Bakili Muluzi, who was designated as the UDF's (United Democratic Front) presidential candidate, previously served two terms as president from 1994 to 2004. According to the constitution, a president is allowed to serve no more than two consecutive five-year terms. Because Muluzi had been out of office since 2004, his supporters argued that the term limit should not apply to him, as it did not restrict nonconsecutive terms if interpreted literally.

Speaking to Capital Radio on 22 February 2009, Muluzi accused the government of using intimidation against his candidacy and warned that such conduct could lead to "problems". A few days later, he was charged by the Anti-Corruption Bureau with stealing 12 million dollars of aid money; he appeared before a court in Blantyre and was released on bail. The Electoral Commission stated he was not eligible to run again, but his supporters are calling for an official court decision instead. On 16 May, only three days before the election, the Constitutional Court ruled that Muluzi could not run again.

MCP President John Tembo was considered the main opposition candidate, and the MCP formed an electoral alliance with the UDF prior to the election.
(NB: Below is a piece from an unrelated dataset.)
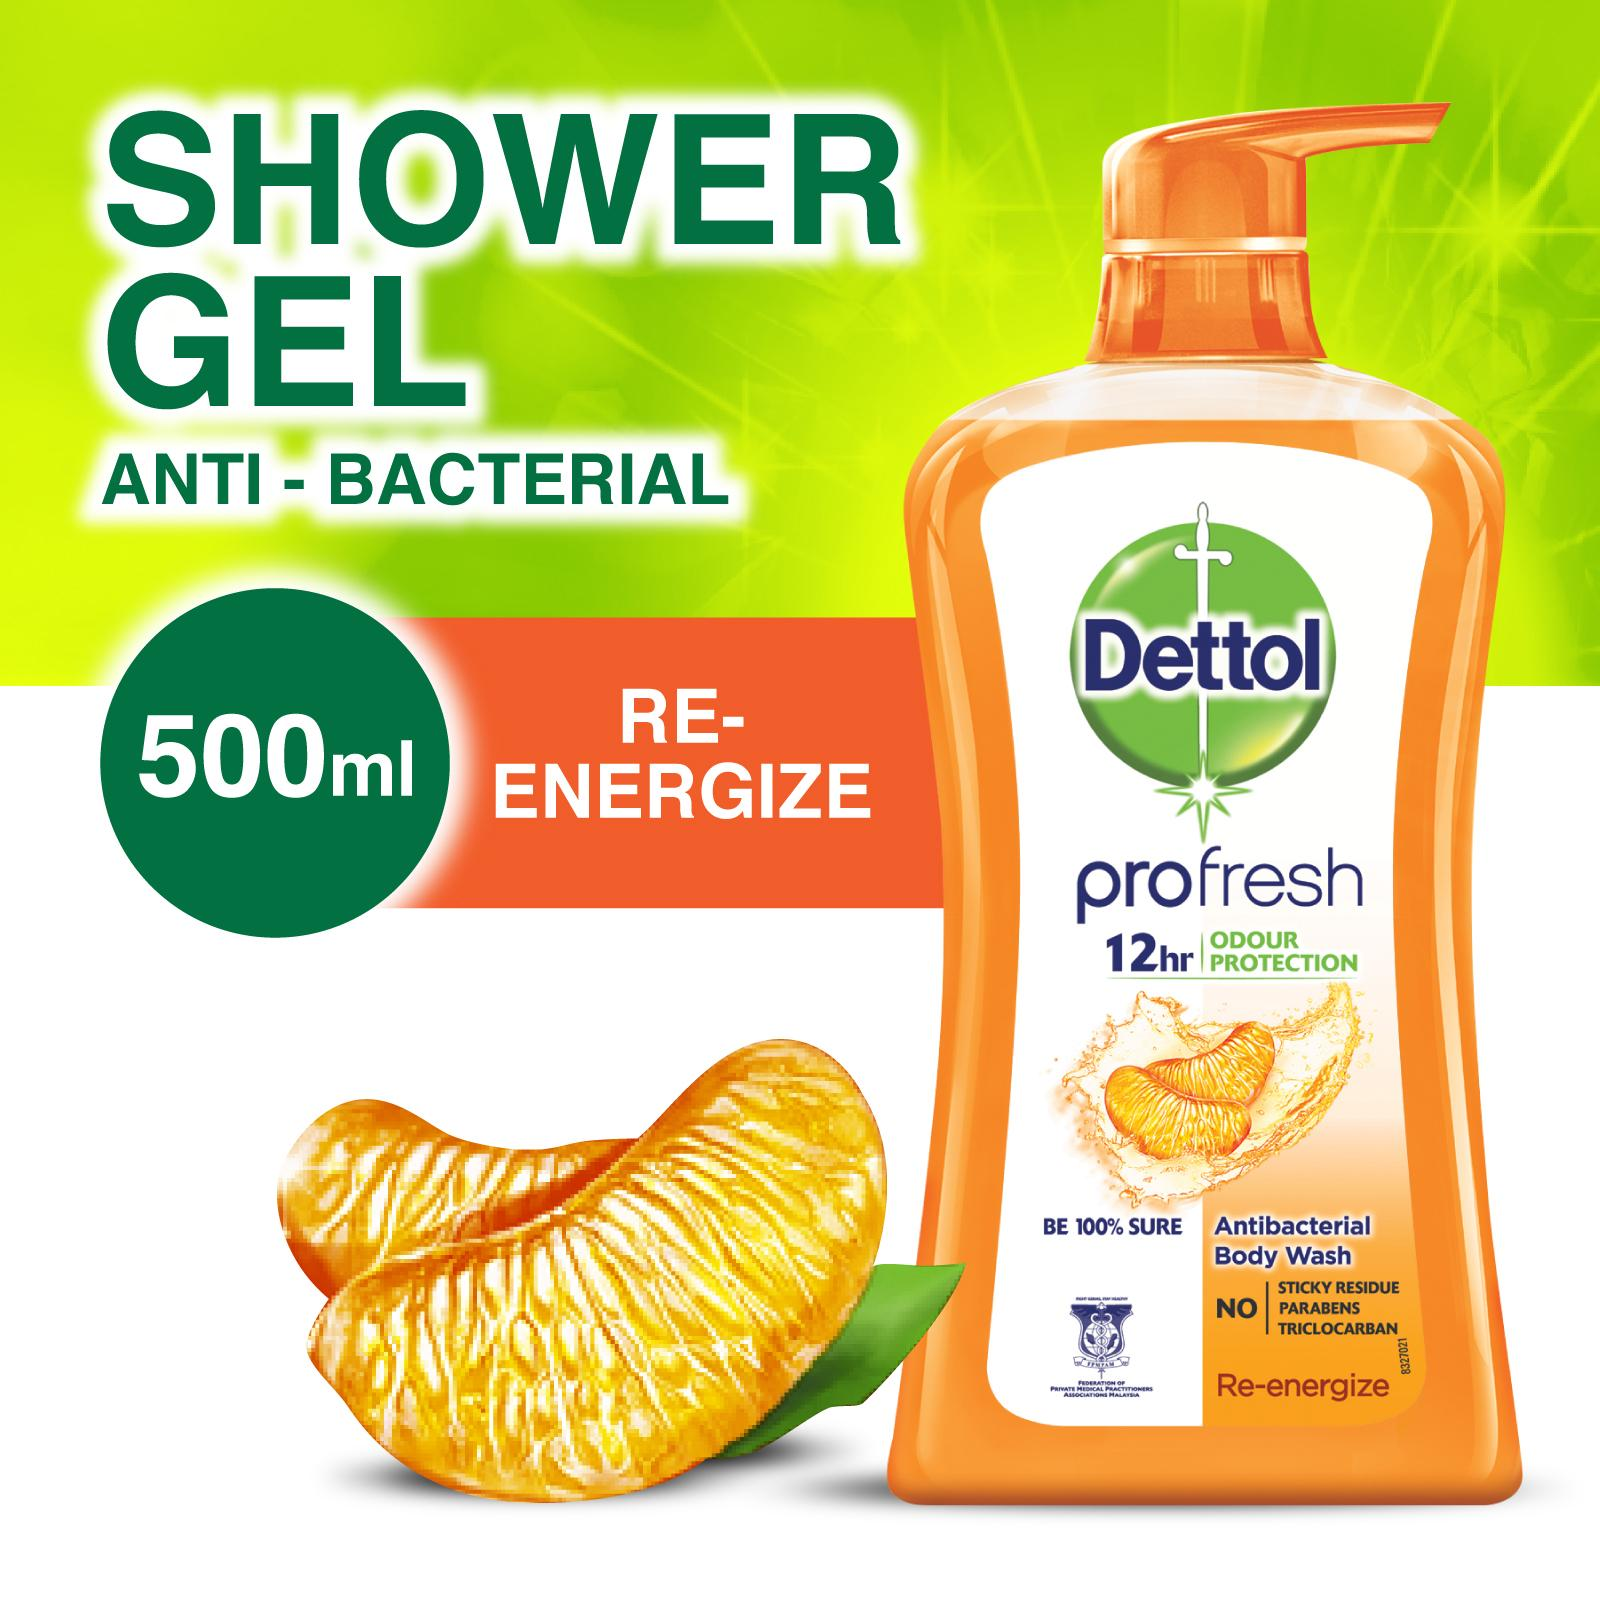 Dettol Shower Gel Re-energize 500ml

Tembo's vice-presidential candidate was Brown Mpinganjira of the UDF. Observing that the DPP had never participated in an election (it was founded in 2005), Tembo argued that he and the MCP had the experience to govern the country properly: "I belong to the past, I belong to the present and I also belong to the future."

Independent candidate James Nyondo submitted his nomination papers on 4 February and claims to have sponsored over 120 independent parliamentary candidates by paying the MK 100,000 ($700 USD) nomination fee.  He is the only independent candidate in the 2009 presidential election and has campaigned on the need for a new generation of leadership, a smaller cabinet, and an end to the personal extravagance of the current and previous governments.
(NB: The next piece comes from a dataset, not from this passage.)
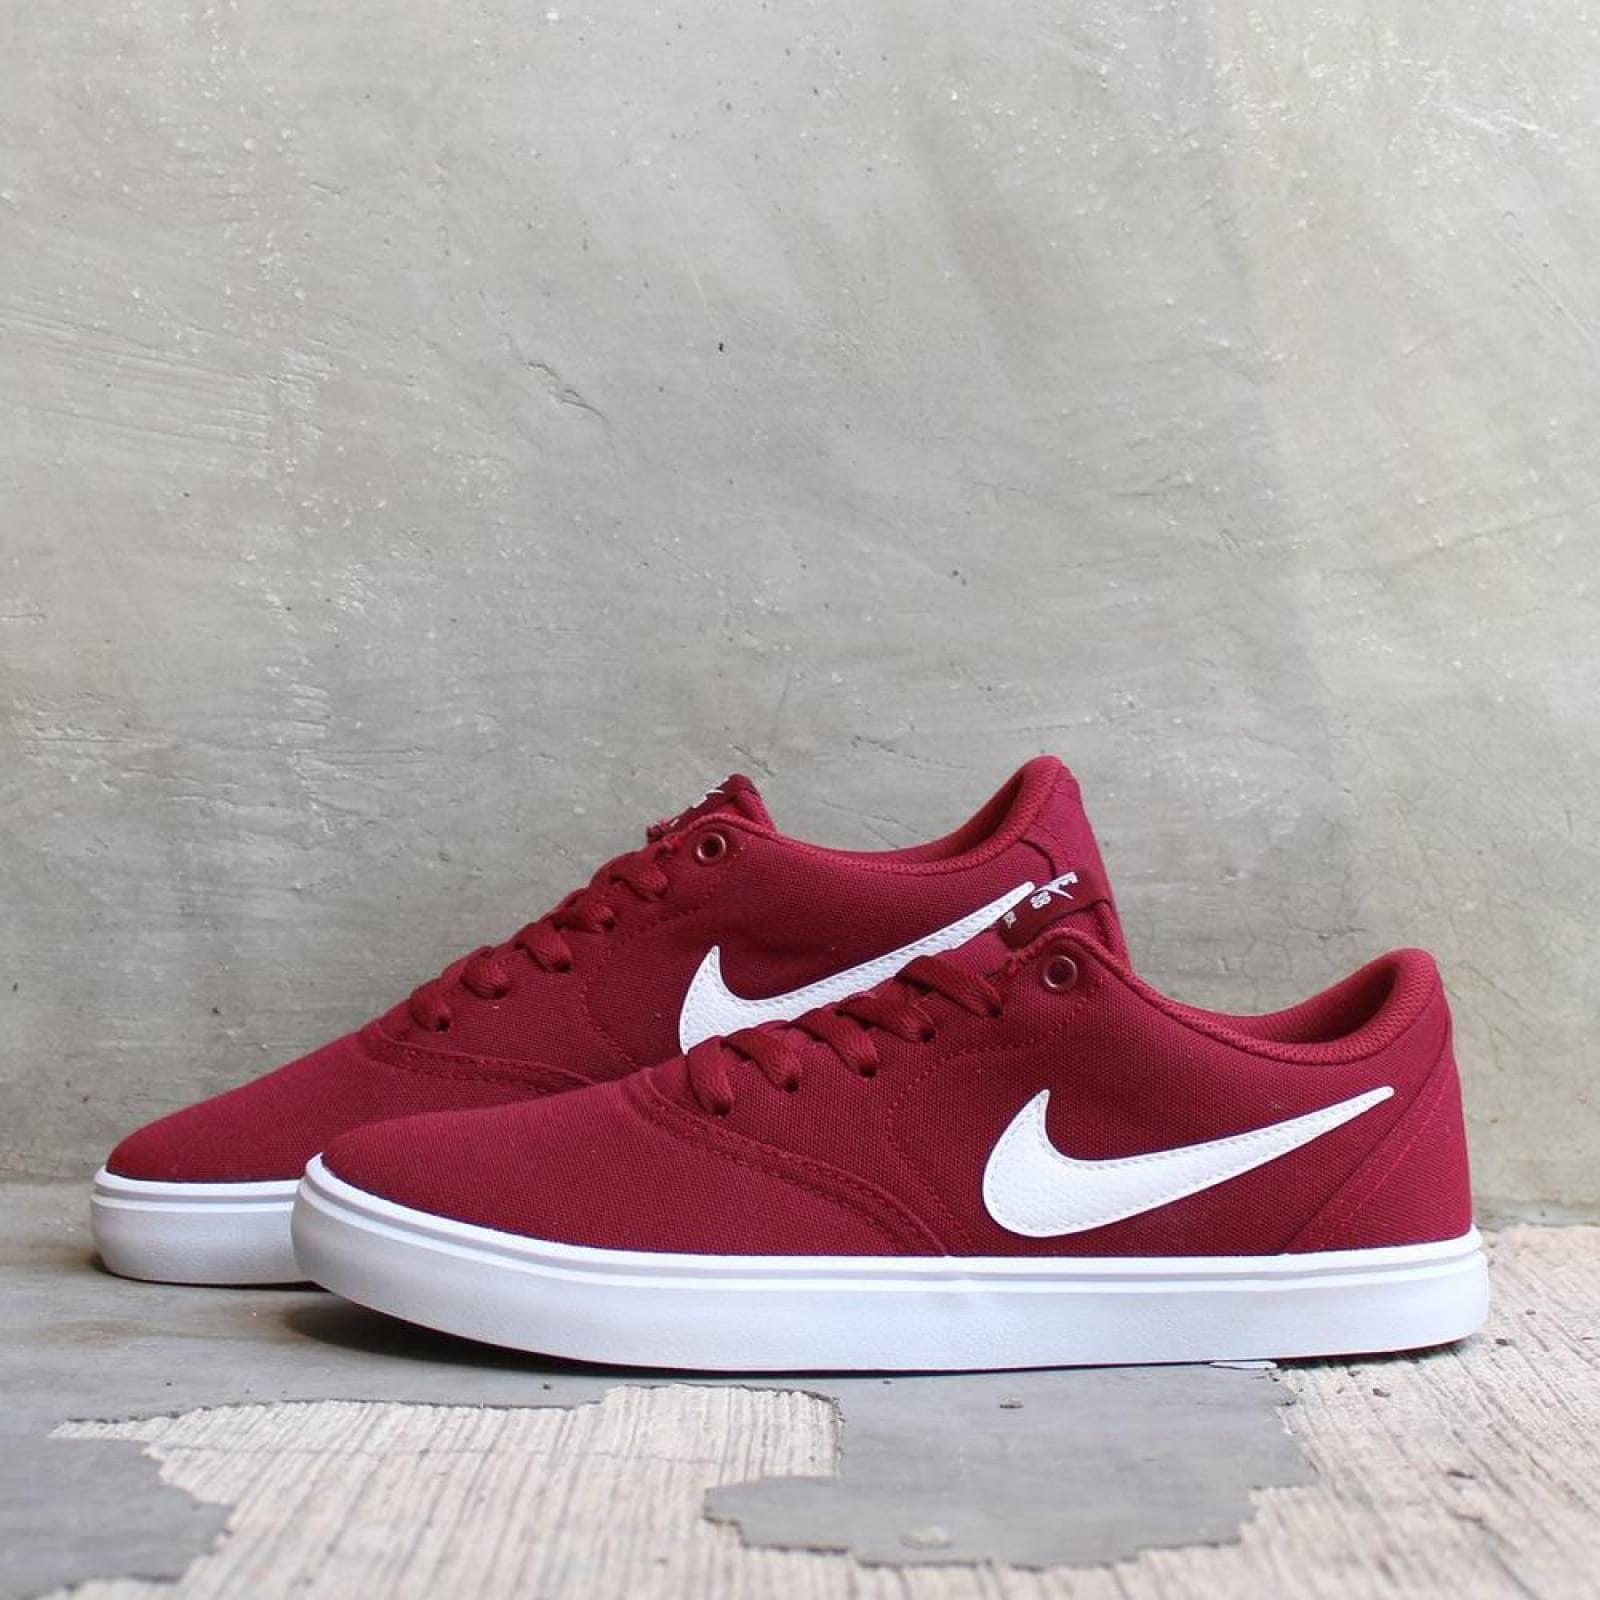 Tenis Nike SB Check Solar 843896602 Rojo Hombre

Loveness Gondwe of the New Rainbow Coalition submitted her presidential candidacy on 3 February, becoming the first woman to run for president in Malawi. She stressed the importance of holding a free and fair election and avoiding the kind of post-election turmoil that affected Kenya and Zimbabwe in 2008.
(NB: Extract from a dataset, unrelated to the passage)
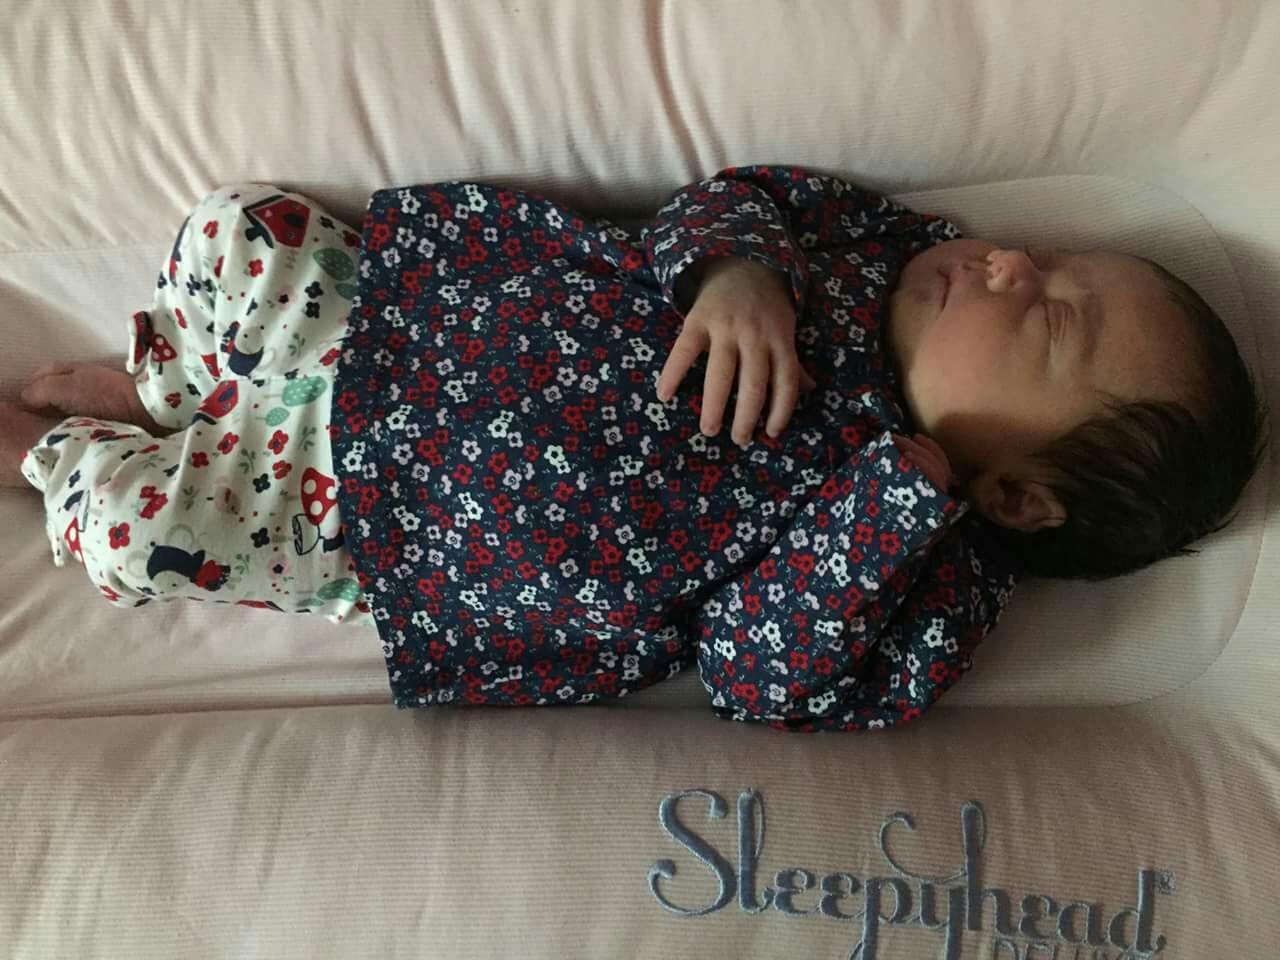 Me Becoming Mum's Newborn Must Haves Sleepyhead Deluxe

Observers expected a close election between the two strongest candidates, Mutharika and Tembo. While Tembo enjoyed the united backing of the country's two most established and powerful parties—the MCP and the UDF—he faced an incumbent president who had presided over strong economic growth of 8%, and the outcome was considered uncertain.

Mutharika, who was 75 years old at the time of the election, said that he would retire from politics if he lost the election and that he would retire in 2014 if he was successful in winning a second term.

Conduct
On the day of the election, Joy Radio, which is owned by UDF Chairman Bakili Muluzi, was closed by the police after it broadcast a satire that lampooned Mutharika. Two of the station's presenters and a technician were arrested. Tembo alleged that the government had committed electoral fraud with opposition poll agents being denied access to the vote counting centres. An EU observation team also noted that state television had failed to be neutral during the election campaigns, supporting the government.

Results
The Malawi Electoral Commission declared that Bingu wa Mutharika had won the presidential election on 21 May 2009, after 93% of votes had been counted. Mutharika gained 2.9 million votes with John Tembo, his nearest rival, winning 1.4 million.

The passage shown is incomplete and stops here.